▶ _What to do_
Could you transcribe exactly the lines below, from the line with "Фотография 2. Морской" through the line with "إطلاق سراح مرشحي", and nothing else, leaving out the pictures?

▶ _The records_
◆ ◆ ◆ ◆ ◆

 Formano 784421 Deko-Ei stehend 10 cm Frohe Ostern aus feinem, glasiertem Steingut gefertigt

◆ ◆ ◆ ◆ ◆

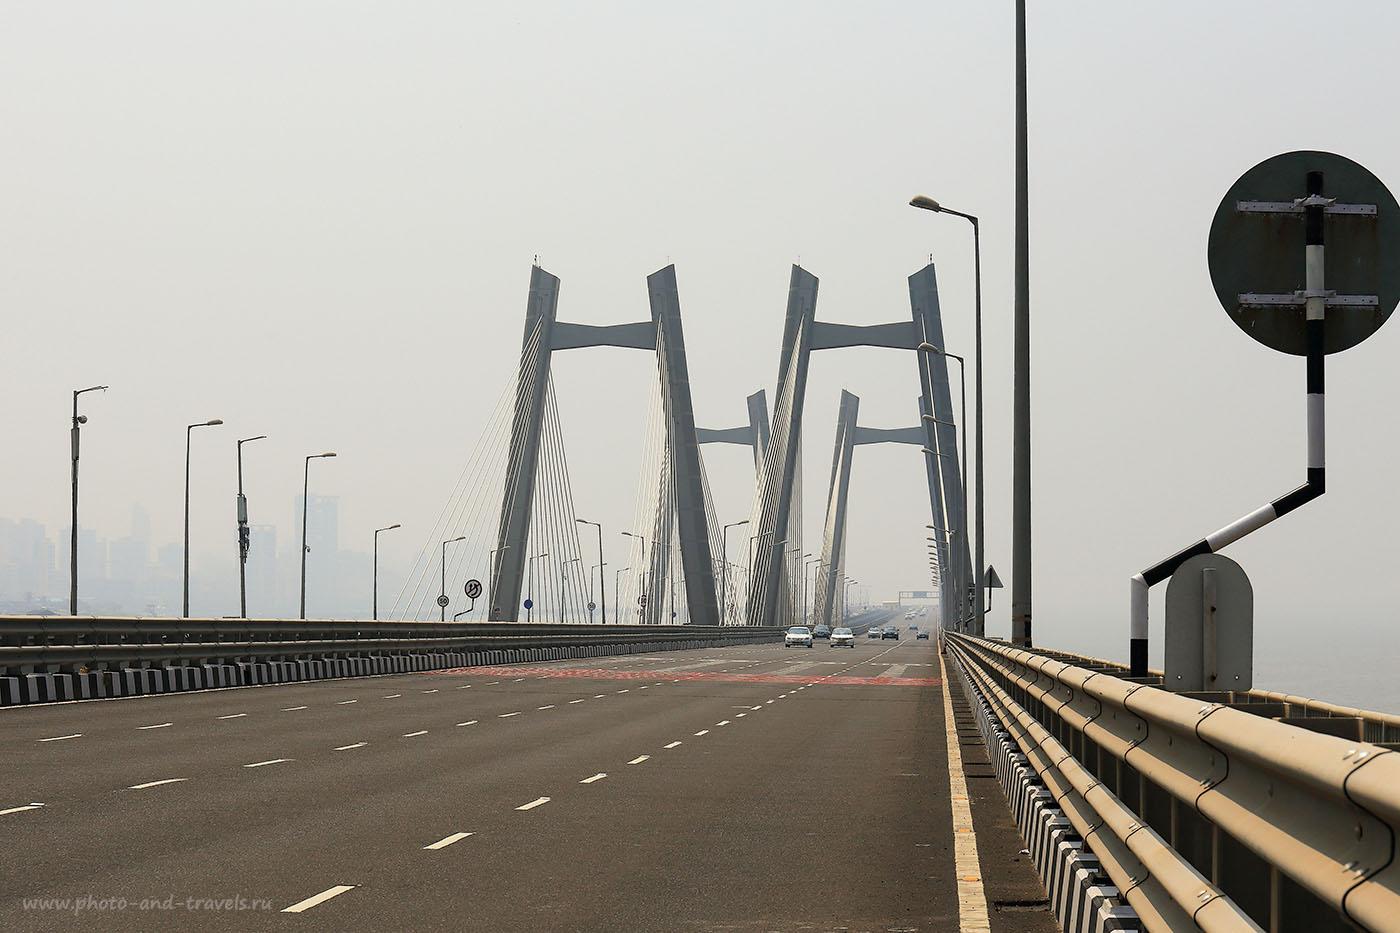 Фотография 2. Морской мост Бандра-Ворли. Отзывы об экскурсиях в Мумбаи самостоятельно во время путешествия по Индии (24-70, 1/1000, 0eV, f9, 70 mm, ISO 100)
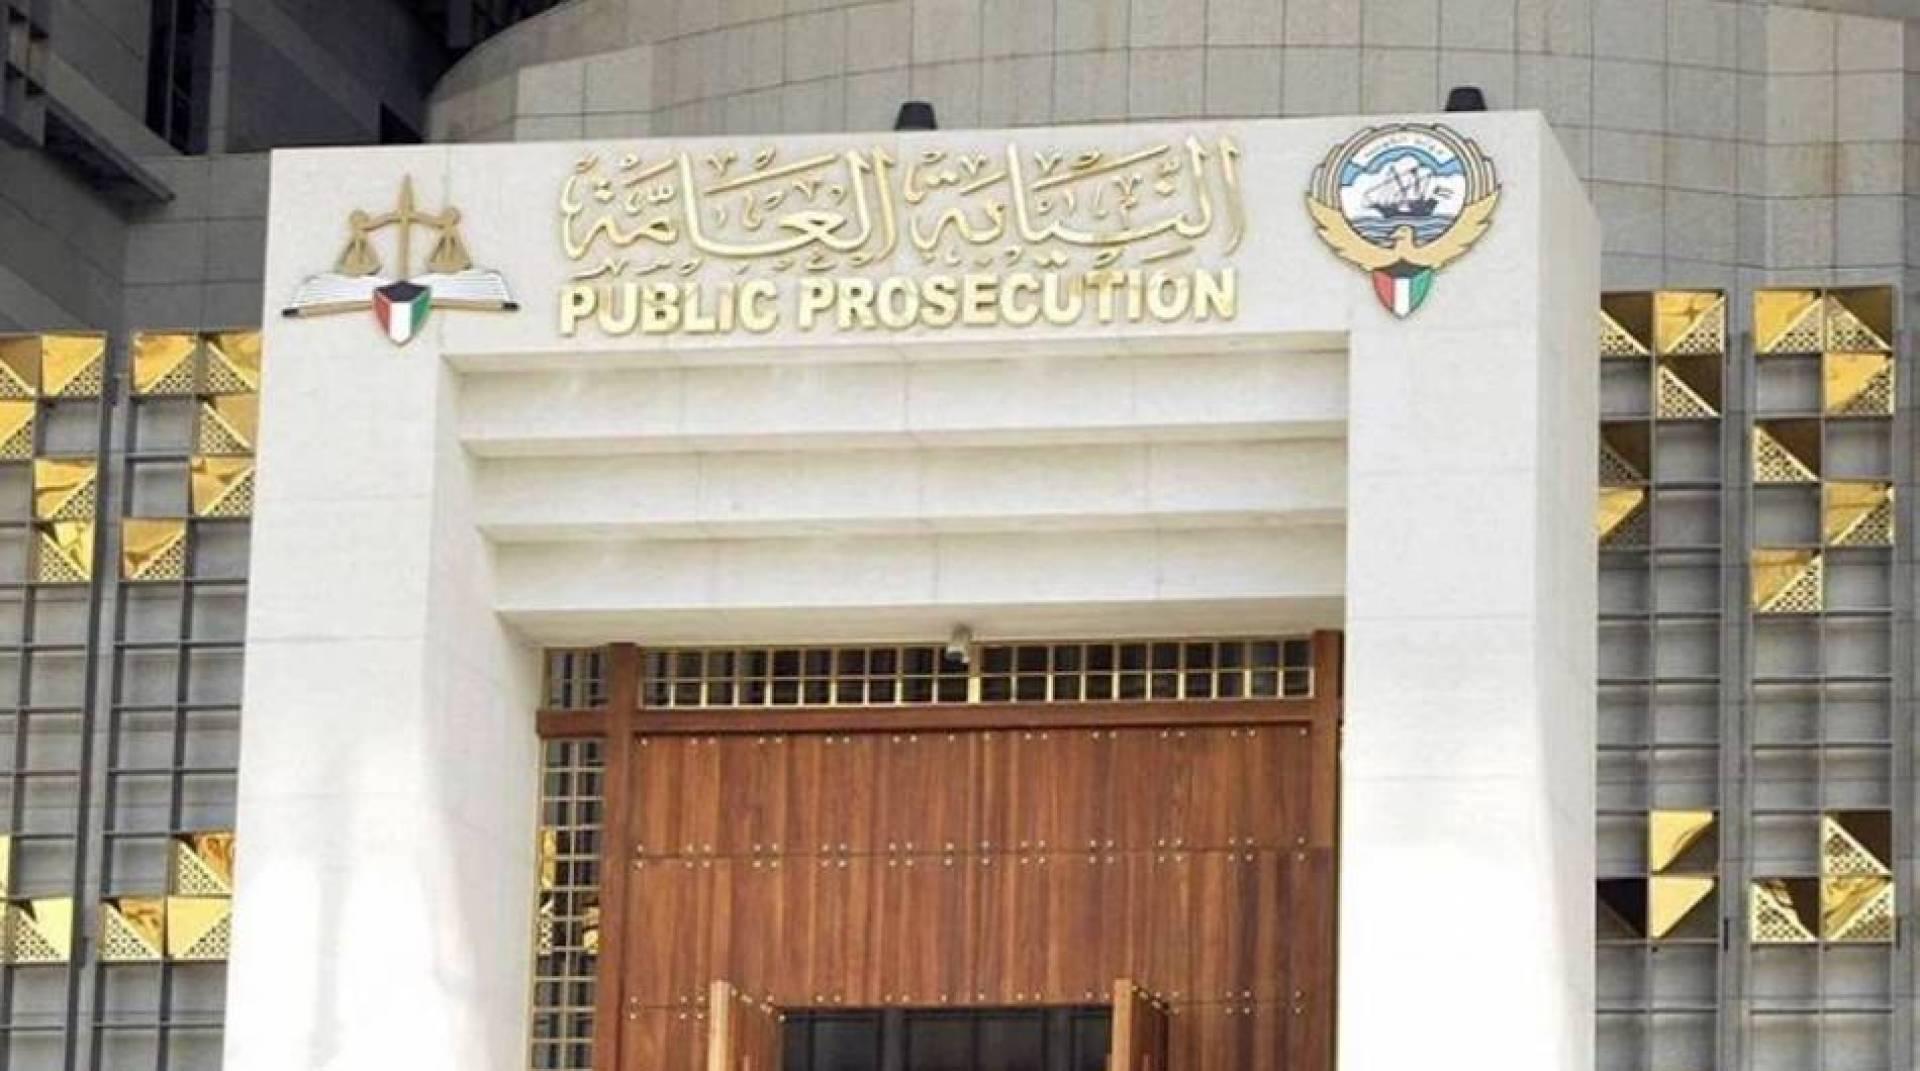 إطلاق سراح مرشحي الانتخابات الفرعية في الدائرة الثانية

◆ ◆ ◆ ◆ ◆

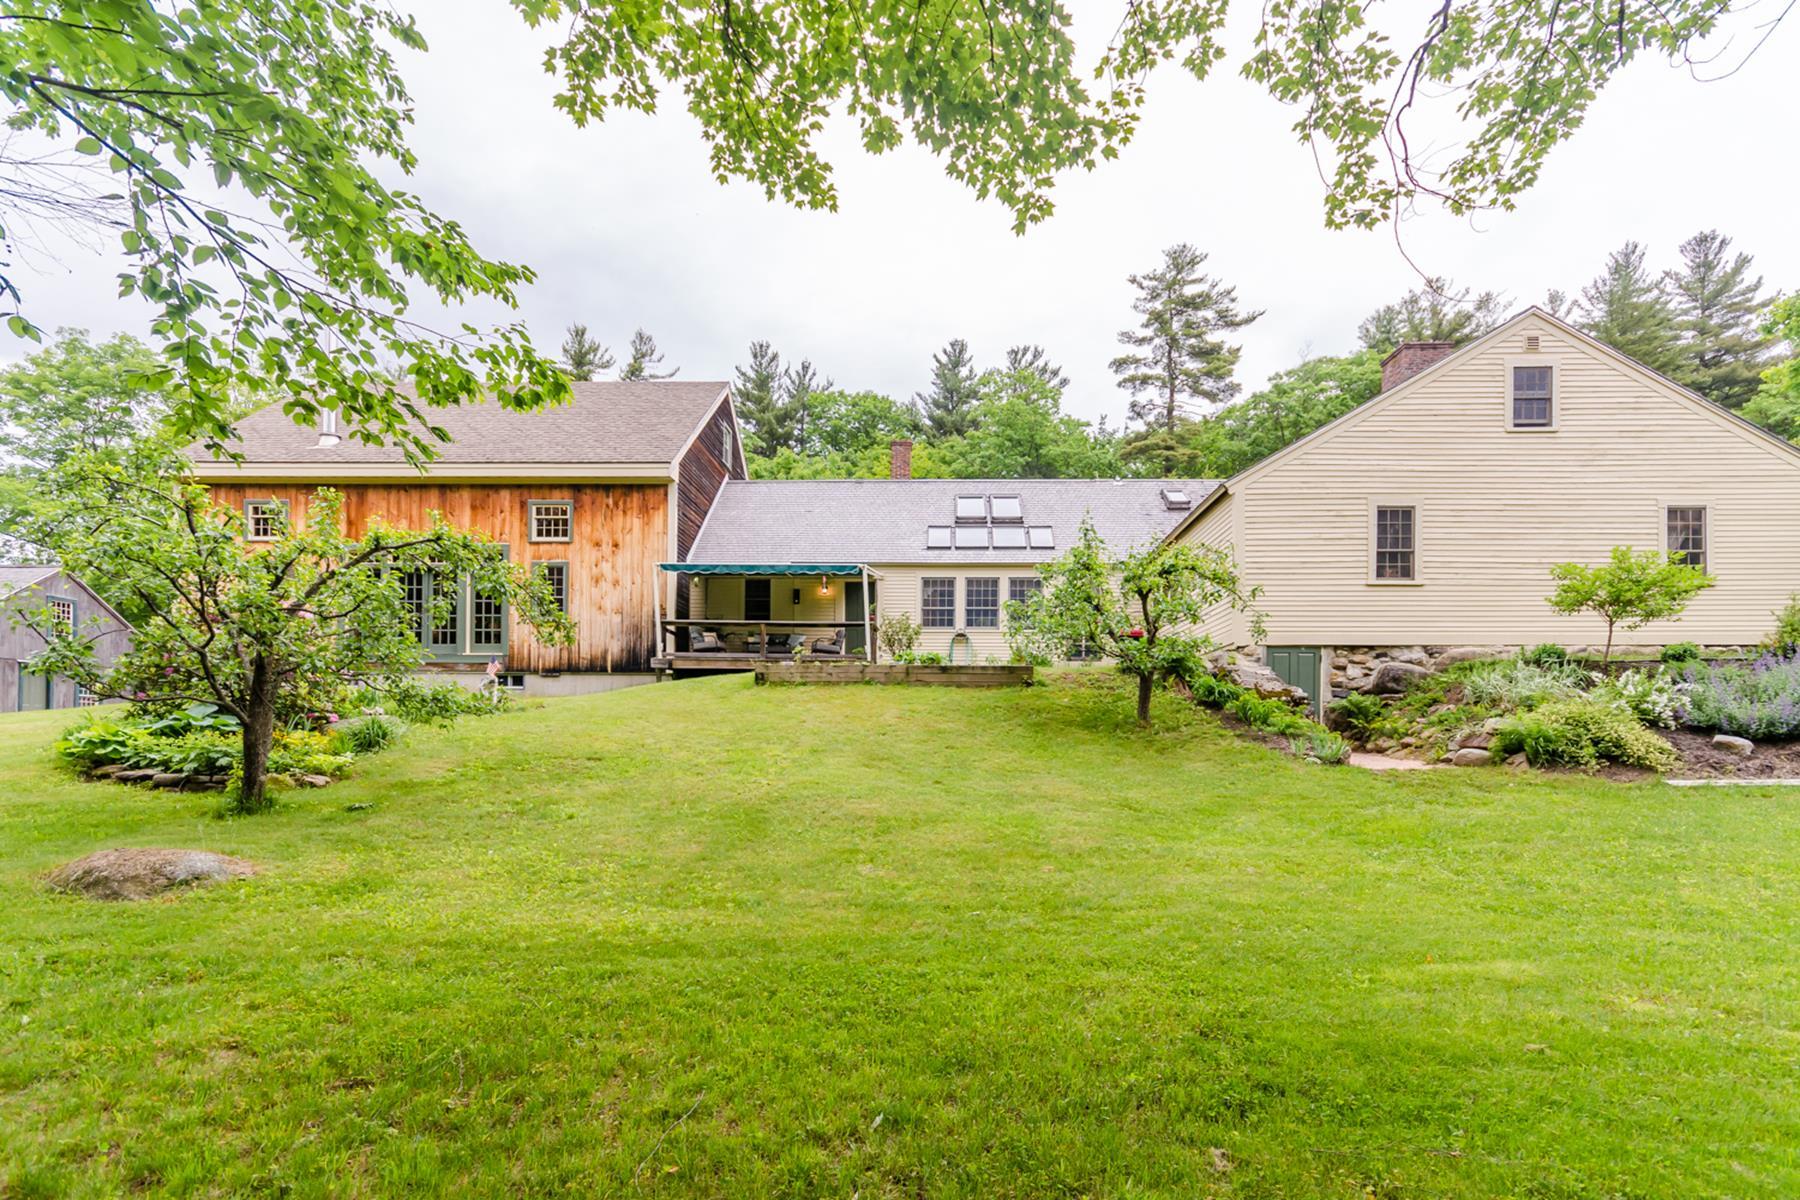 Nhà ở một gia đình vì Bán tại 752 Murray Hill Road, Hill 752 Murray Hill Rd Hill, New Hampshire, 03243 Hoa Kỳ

◆ ◆ ◆ ◆ ◆

▶ _Response to this exercise_
 Фотография 2. Морской мост Бандра-Ворли. Отзывы об экскурсиях в Мумбаи самостоятельно во время путешествия по Индии (24-70, 1/1000, 0eV, f9, 70 mm, ISO 100)
 إطلاق سراح مرشحي الانتخابات الفرعية في الدائرة الثانية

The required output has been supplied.